Однако никто всерьез не задумывается, откуда вообще в русском языке взялась обсценная лексика и какова ее природа. Мы удовлетворяемся поверхностным представлением о том, что мат пошел от монголо-татар, или тем, что слышали краем уха о берестяных грамотах XII века. Почему-то куда больше науки нас интересует правовая или околоправовая повестка.
Мы готовы бесконечно обсуждать, почему Сергей Шнуров ругается в песнях, а Иосиф Пригожин это осуждает, — нам интереснее быть свидетелями вечного спора между сакральным и профанным в лице артистов и политиков. Но прежде чем разобраться с сегодняшним состоянием мата, хорошо бы прежде уделить внимание научному аспекту.

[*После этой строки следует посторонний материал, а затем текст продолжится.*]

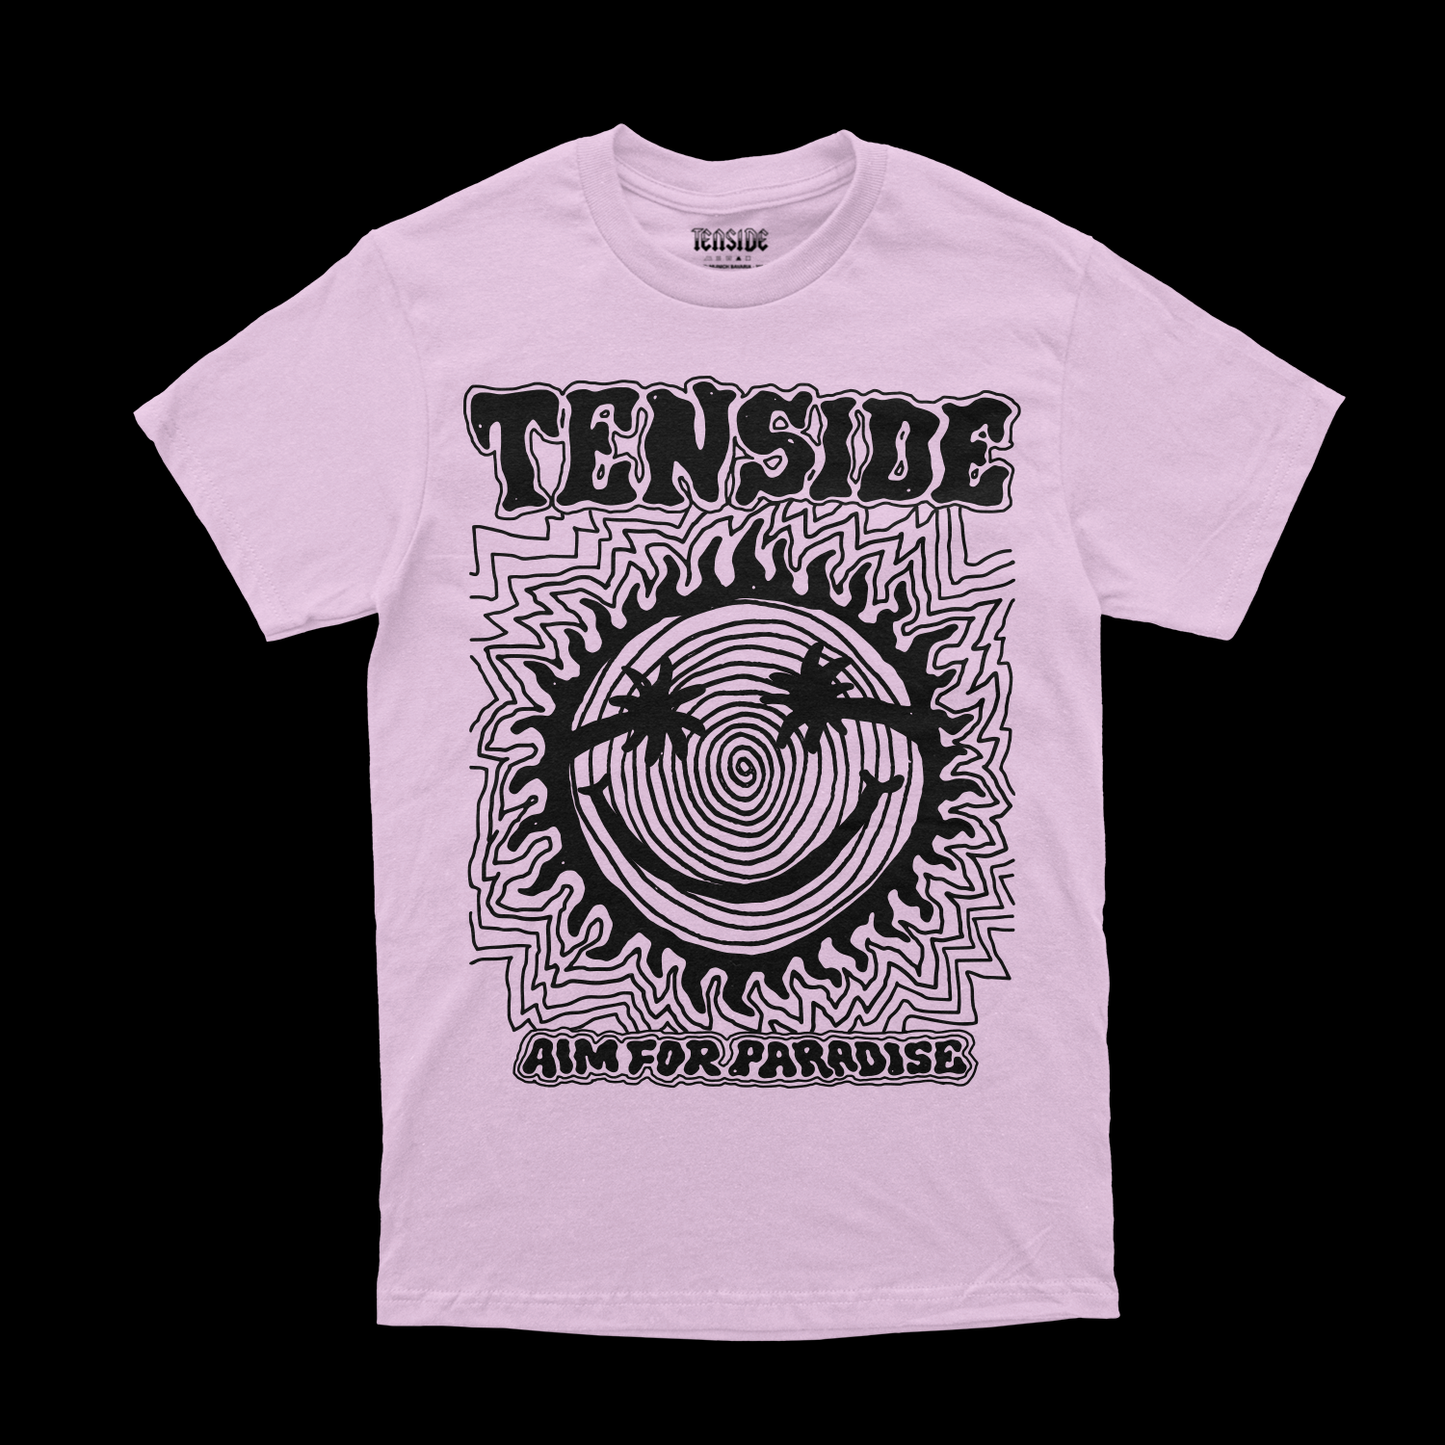 Aim For Paradise (T-Shirt)

Мат - это табу, то есть сакральный, культурный и естественный запрет по самой своей природе. Очевидно, настолько сильный и пугающий, что у нас даже появился закон, запрещающий мат в искусстве. Запретить запретное - это достойный уровень постиронии, но интересно другое: почему эти слова имеют такой странный статус и почему именно они?
Теория про иго наукой даже не рассматривается: никакие злобные татары ничего нам не насаждали, и ничего мы из их сакральных низов не черпали. Все основы русских матерных слов - славянские.
Не используя сами слова, чтобы не фраппировать аудиторию и не вызвать праведный гнев надзорных органов, уйду в этимологию - науку о происхождении слов.
Слово, которым мы называем мужской половой орган, имеет праиндоевропейские, общеславянские и праславянские корни, и что самое удивительное - те же, что и у вполне цензурного слова "хвоя". Оба объекта - нечто вытянутое с семенем на конце.
Женский половой орган пришел к нам из праиндоевропейского, а родственник его обнаружился в праславянском языке (там это был глагол, который можно было бы обозначить словом "трахать").
Очень похожий на современный, но праславянский корень можно найти и у матерного глагола, означающего "совершать половой акт".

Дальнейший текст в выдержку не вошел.